[Exercise directions] The data below contains pictures, which are to be skipped; the lines starting at the line with "A woman wearing a flower crown" and ending at the line with "Ottieni il design" are to be output exactly, both ends included.

[Supplied records]
------
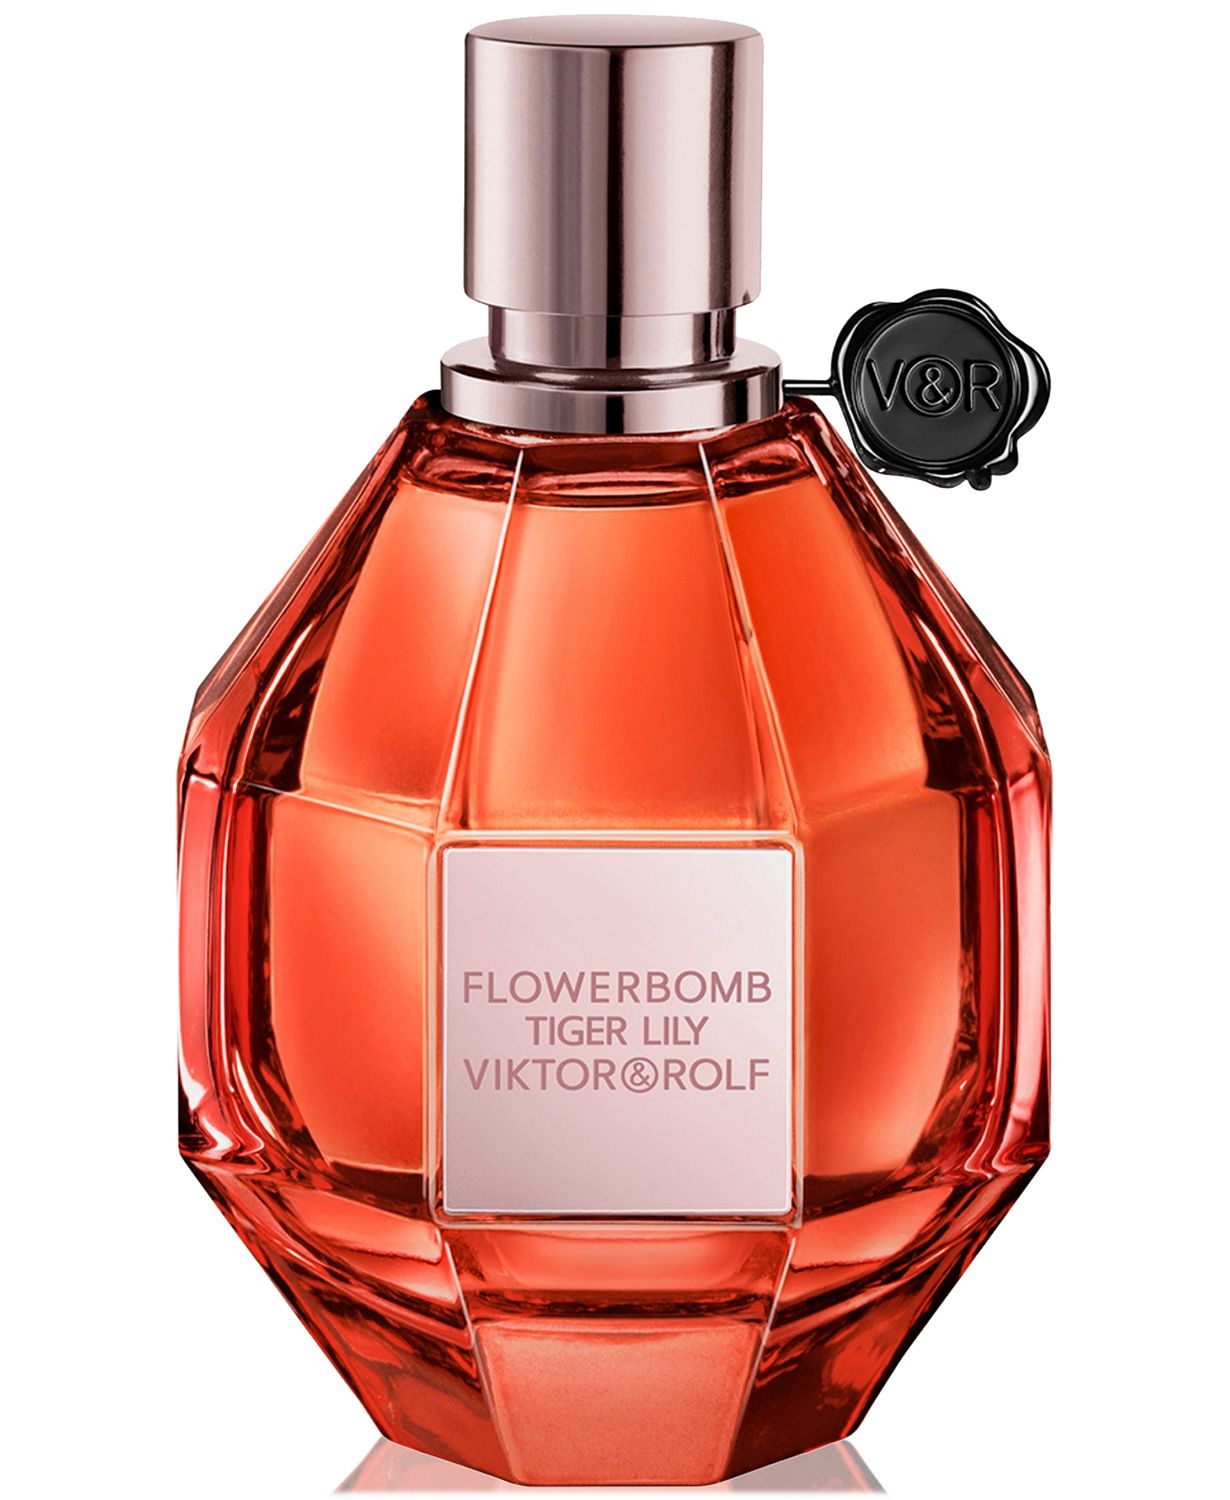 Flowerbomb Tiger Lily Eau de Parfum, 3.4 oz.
------
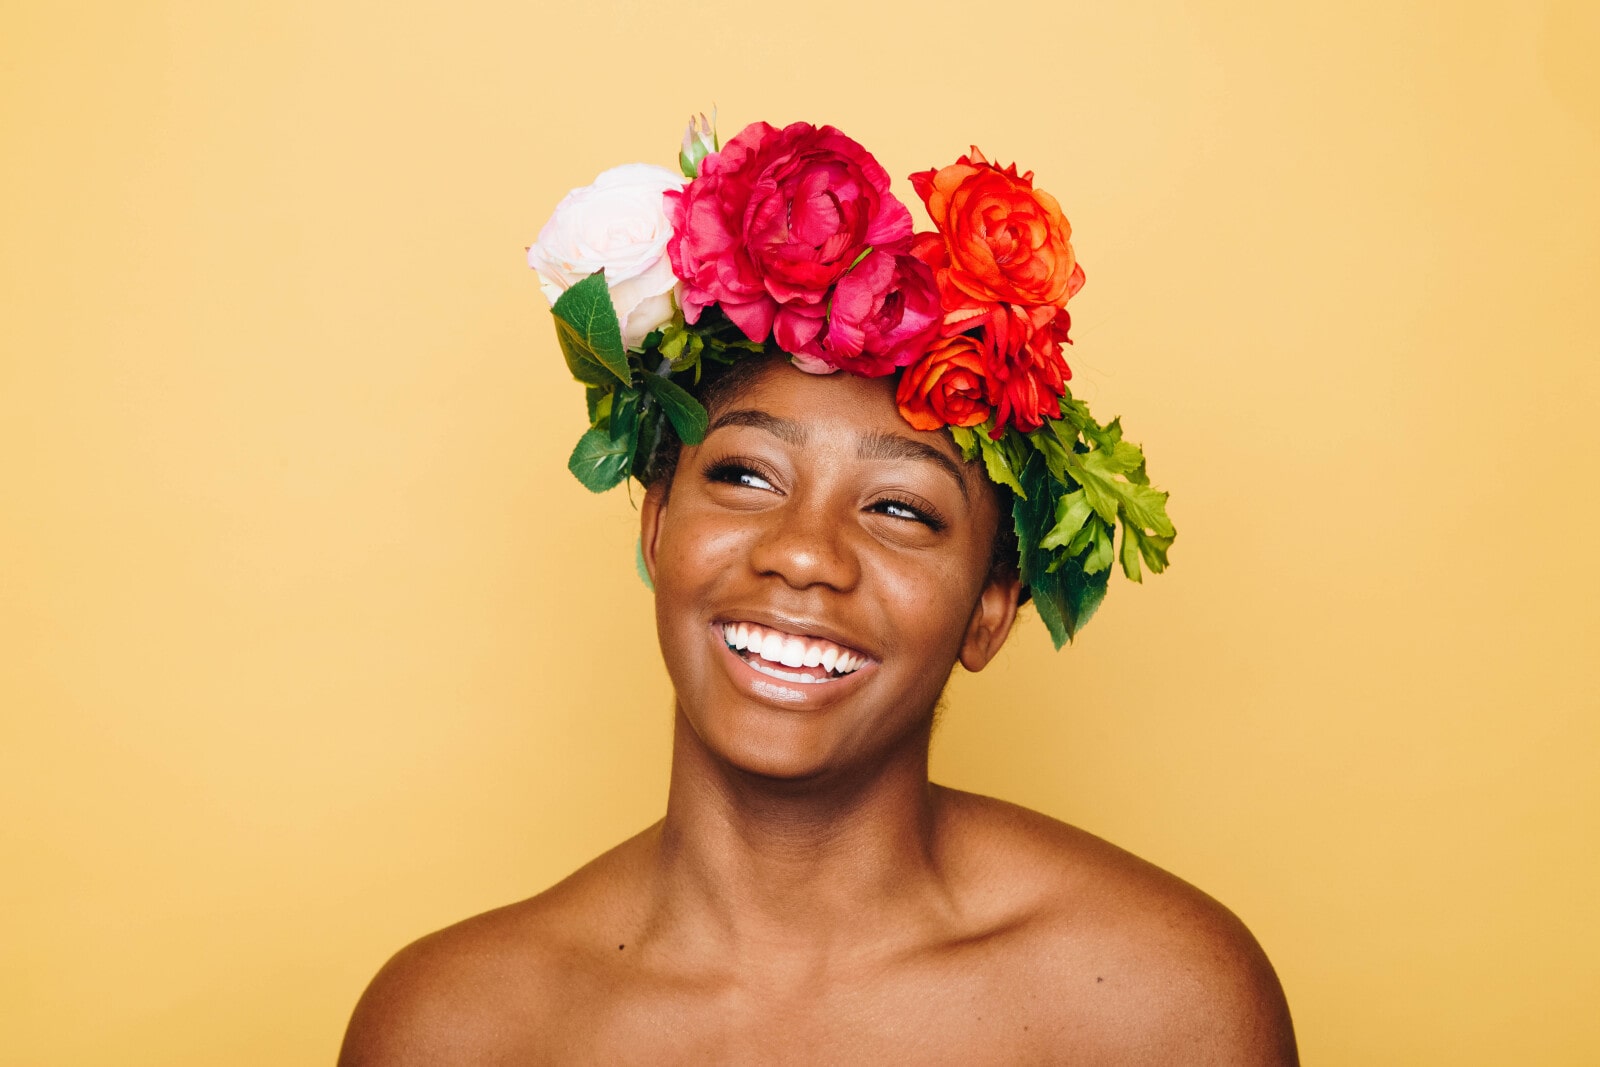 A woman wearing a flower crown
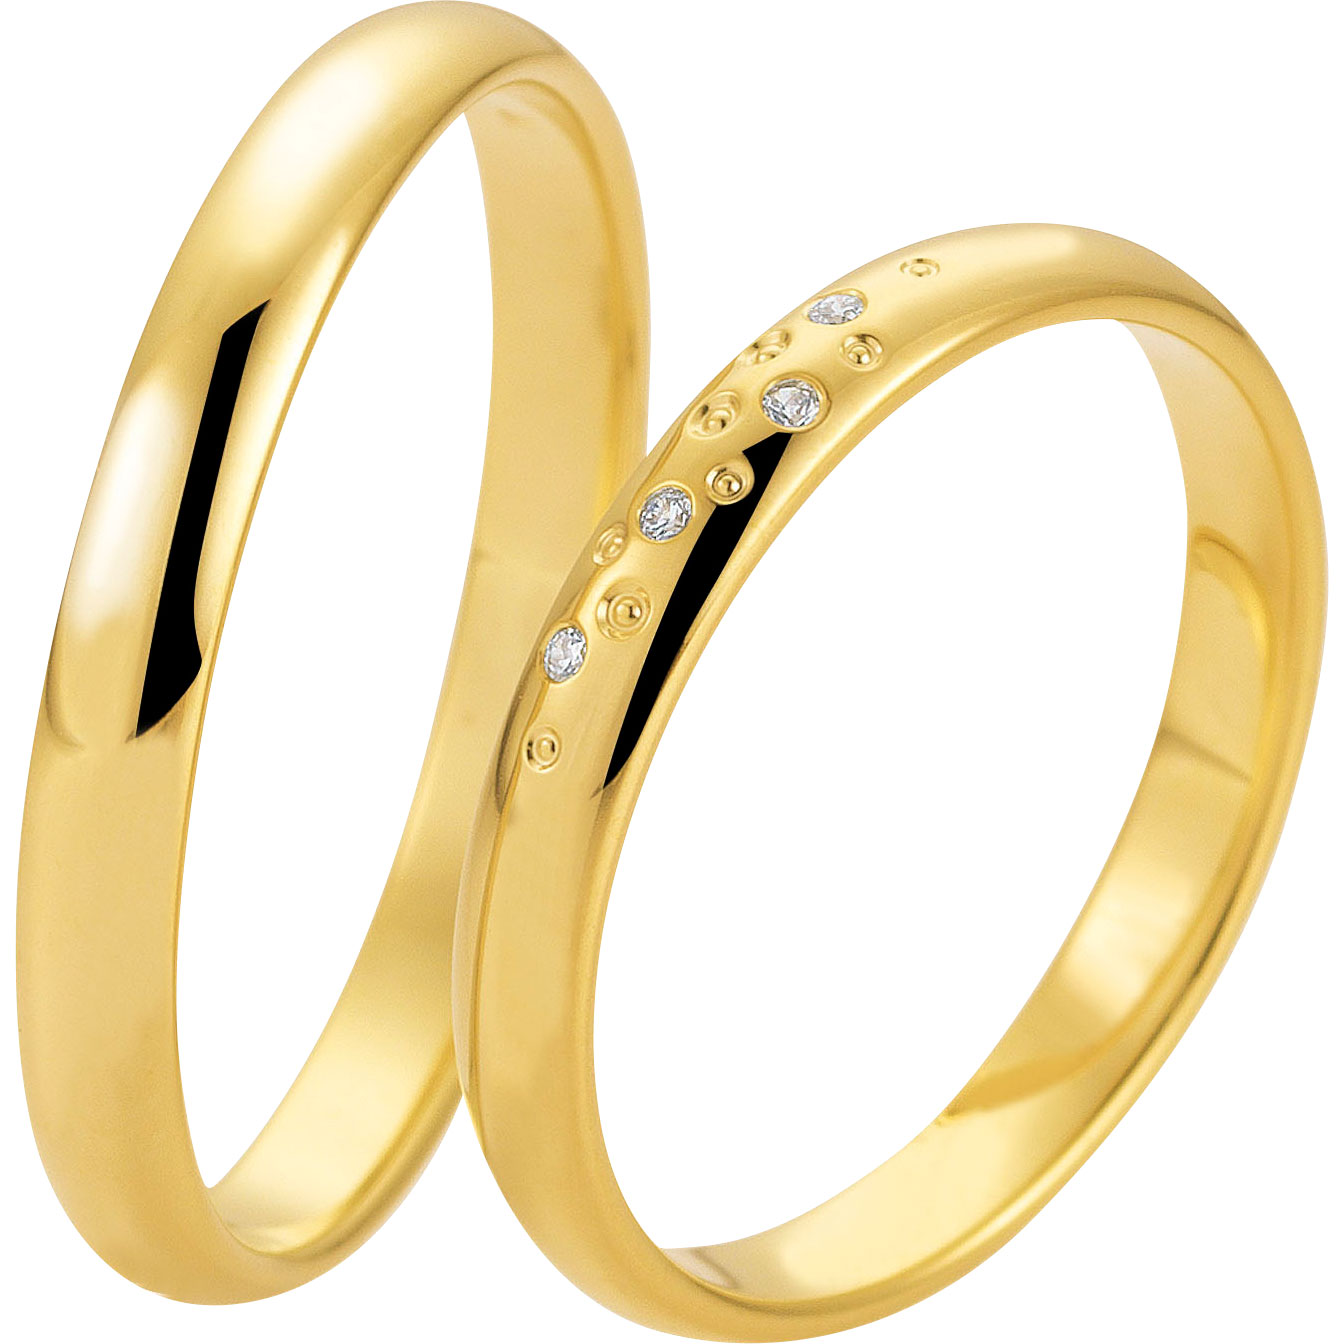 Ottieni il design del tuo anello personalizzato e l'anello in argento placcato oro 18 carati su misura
------
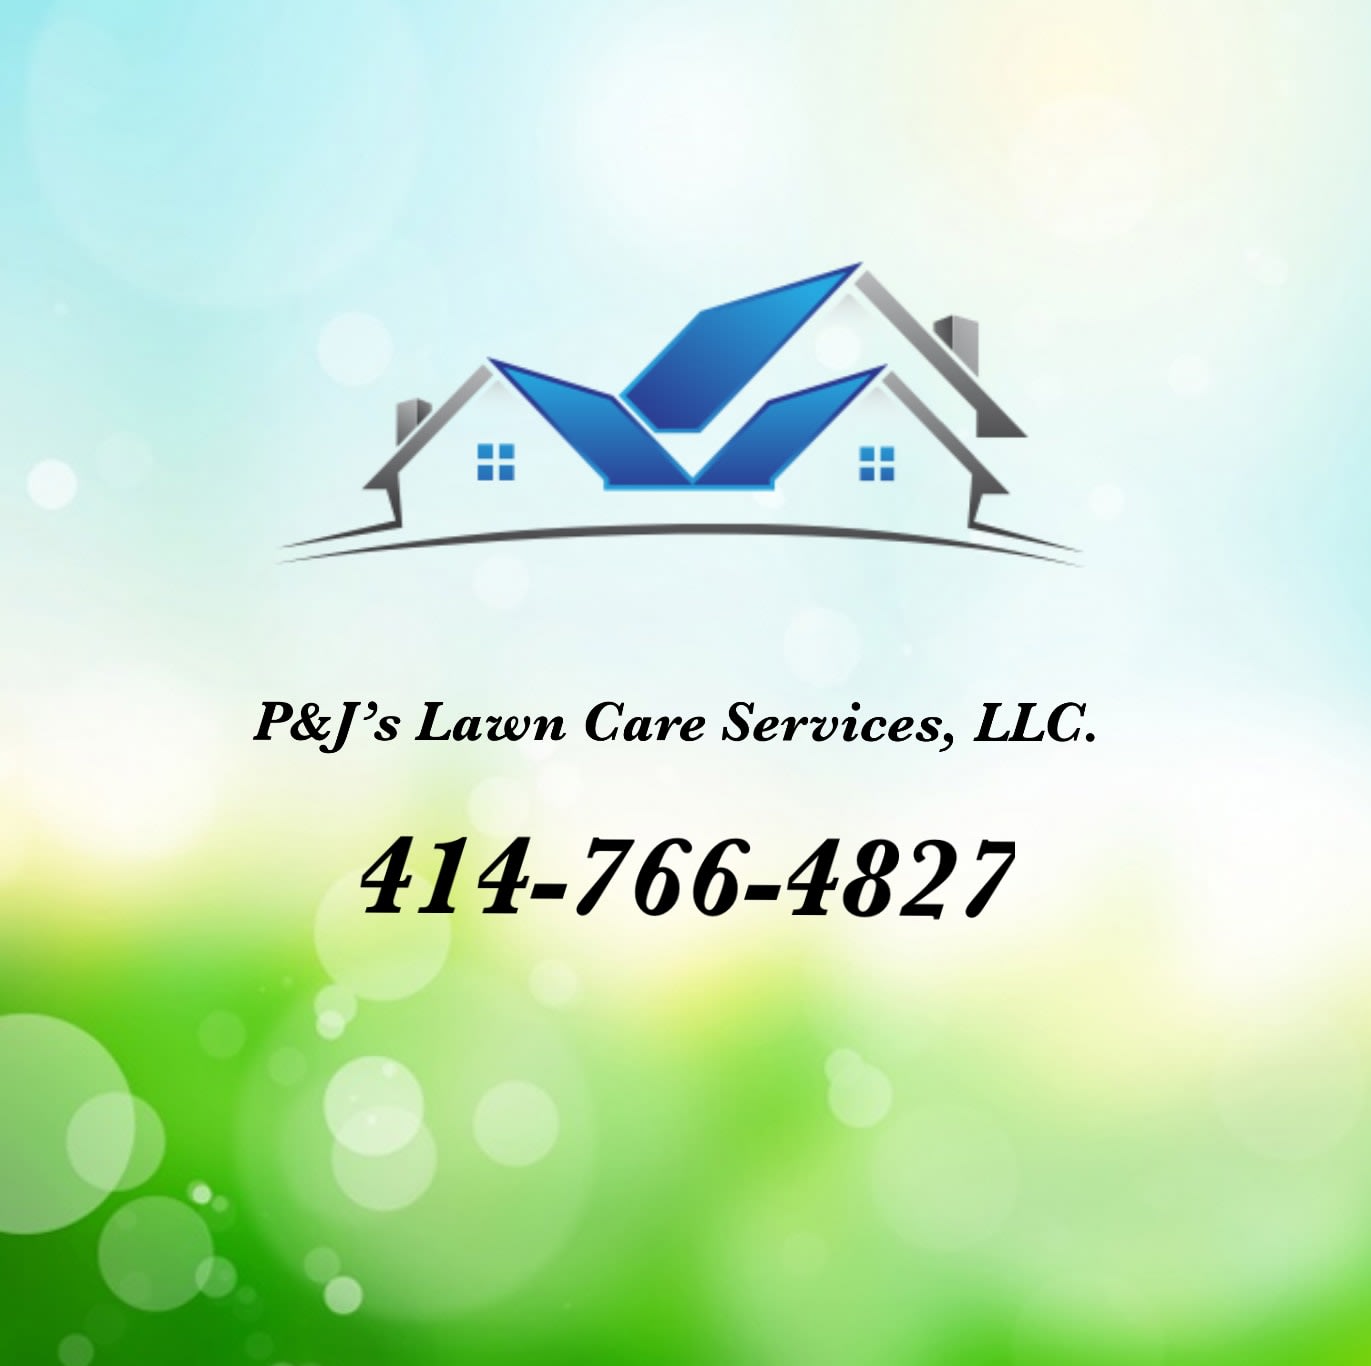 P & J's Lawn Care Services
------
[Written response]
 A woman wearing a flower crown
 Ottieni il design del tuo anello personalizzato e l'anello in argento placcato oro 18 carati su misura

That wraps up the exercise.